Dr. Coleman: No more reading on hall duty.
How did he know I was reading? I look to the wall across from his desk and see a big flat screen TV that shows the feed from security cameras all across the building. Was this motherfucker spying on me? What the fuck? That’s not the point of the security cameras. The cameras are there to keep the building and the kids safe, not to play "gotcha with the faculty." If the prick wants to see what I’m doing, maybe he should get off of his fat ass and walk around the building, instead of acting like the fucking Gestapo.
Of course, I say none of this to him. I hold it in, fists clenched while I do it.
Cliff: Sure, sorry.
Yeah, a new level of confidence and power I have not reached.
Dr. Coleman gives one quick nod of his head and I leave. In addition to my fists clenching, my teeth are clenching, too. I walk straight to my room, grab my bag, and walk out of the building. I would go talk to Tina, but she’s already left for her tennis meet. I get into the car and slam the door as hard as I could. I sit there pondering what just happened and thinking of all the words I would have liked to say to him when I’m interrupted by the ringtone on my phone. I pick it up and see a number I have never recognized before. I answer it.
Cliff: Hello?
John Salmon: Hi, is this Cliff of Doom?
It’s weird to hear a stranger refer to me as that over the phone.
Cliff: Yeah, who’s this?
John Salmon: My name is John Salmon, I write for WCFwrestling.com. I’m writing a preview of Slam this Sunday and wanted to get your response to Jaice Wilds’ comments about you from the other day.

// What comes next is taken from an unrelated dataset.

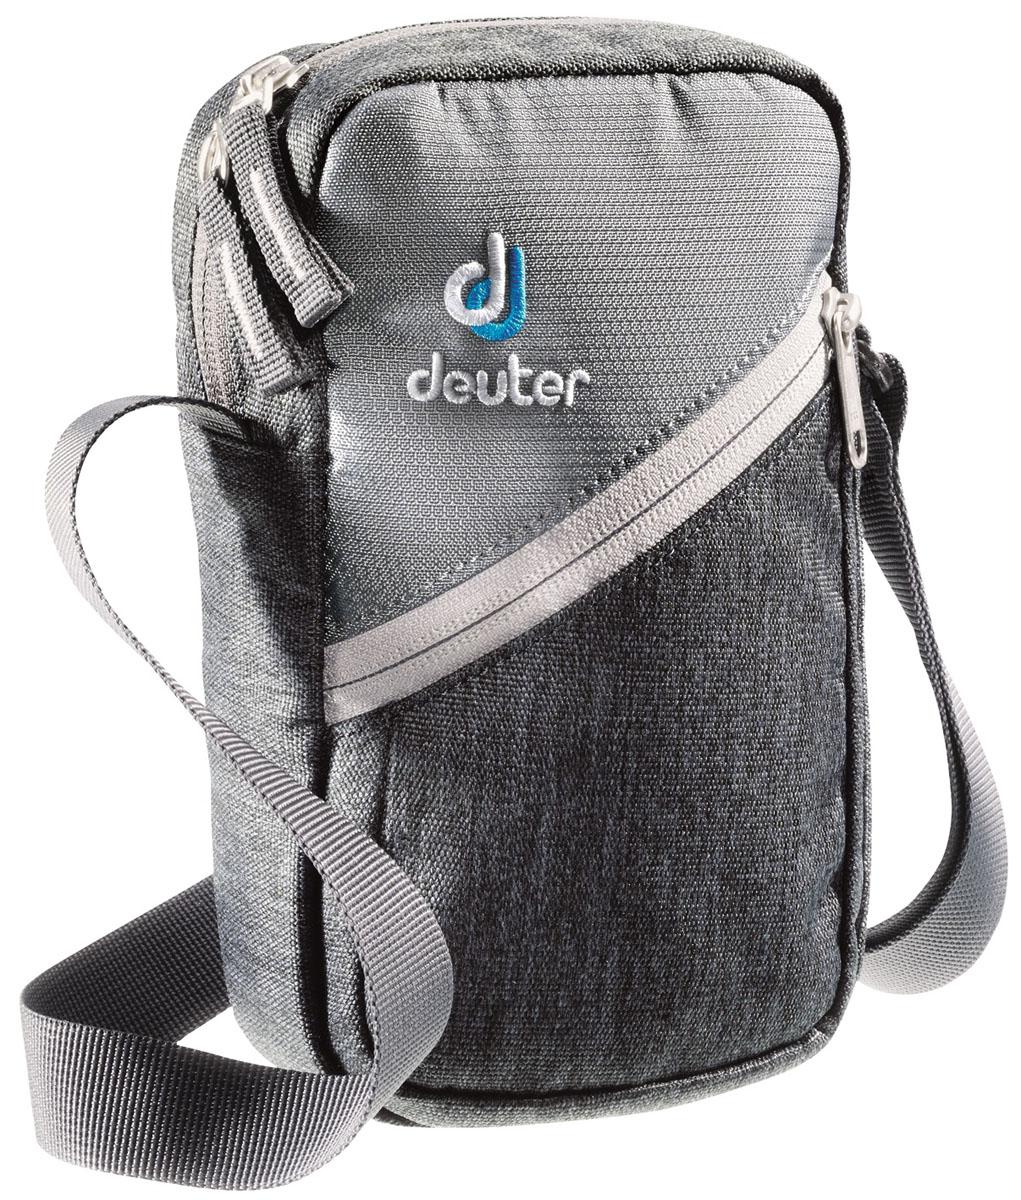 Сумка на плечо Deuter 2015 Shoulder bags Escape I, цвет: серый, 1л

I pause before I speak. I know that I have to do these interviews if I’m called by the guys who work for the website. It’s part of my contract. I want to be diplomatic about my response but there is still so much anger in me from my meeting with Dr. Coleman that when the first words vomit from my mouth, I don’t even realize what I’m saying.
Cliff: JAICE WILDS IS STUPID ASSHOLE COCKSUCKING MOTHERFUCKING BRAZILIAN CUNT BITCH!
There’s a long pause.
John Salmon: You wanted that to be off the record, right?
I take a deep breath. I feel better now.
Cliff: Yeah.
John Salmon: Alright, let’s try again.
I say something generic. Probably something about Jaice being a great competitor or some other bullshit. I need to get home.
During dinner, I tell Tina about the meeting I had with Dr. Coleman. She leans her forehead up against her hand.
Tina: It’s happening already.
Cliff: Calm down. What are you talking about?
Tina: Wrestling for WCF is already affecting your job.
Cliff: Slam hasn’t even happened yet. How can you say it’s affecting my job?
Tina: The principal is already on your back about trying to wrestle and teach.
Cliff: Yeah, well, he doesn’t know shit either. You know when you and him can get on my case? When I actually miss a day of work due to wrestling.
Tina: Cliff, you need to be at work on Monday.
Cliff: I will.
Tina: I mean, is this going to be a habit? Are you going to miss every Monday because you have to wrestle.
Cliff: I SAID I’LL BE THERE, DIDN’T I?! FUCK, WHY DO YOU HAVE TO BE SO DRAMATIC AND MAKE A BIG DEAL OUT OF SOMETHING THAT HASN’T EVEN HAPPENED YET?!
We both stop. Now I feel bad that I yelled. I get up and go outside. I sit on the steps. I hate yelling, especially at her. I need to control myself better. I just hate when she gets like this. Why can’t she just trust me?
I hear the door open. I look up to find her coming outside, too. She sits beside me and puts her head on my shoulder.
Tina: I’m sorry.
Cliff: Me, too.
That’s usually how we resolve fights.
Tina: Just make sure you get home on time.
I pat her on the hand.
Cliff: I will, babe, I will.
We sit there for a little while saying nothing. It’s actually a pretty nice night out. The sun is setting, the air is cool. Everything is quiet. Nice and peaceful.
It’s just what I need right now, some calm before the storm. The sky is a little red. You know what they say: “Red at night, sailor’s delight.” Maybe things won’t be so tough in the next few months. Maybe I’ll be able to handle wrestling and teaching like it’s no problem.
But like I said, I’m not that naïve.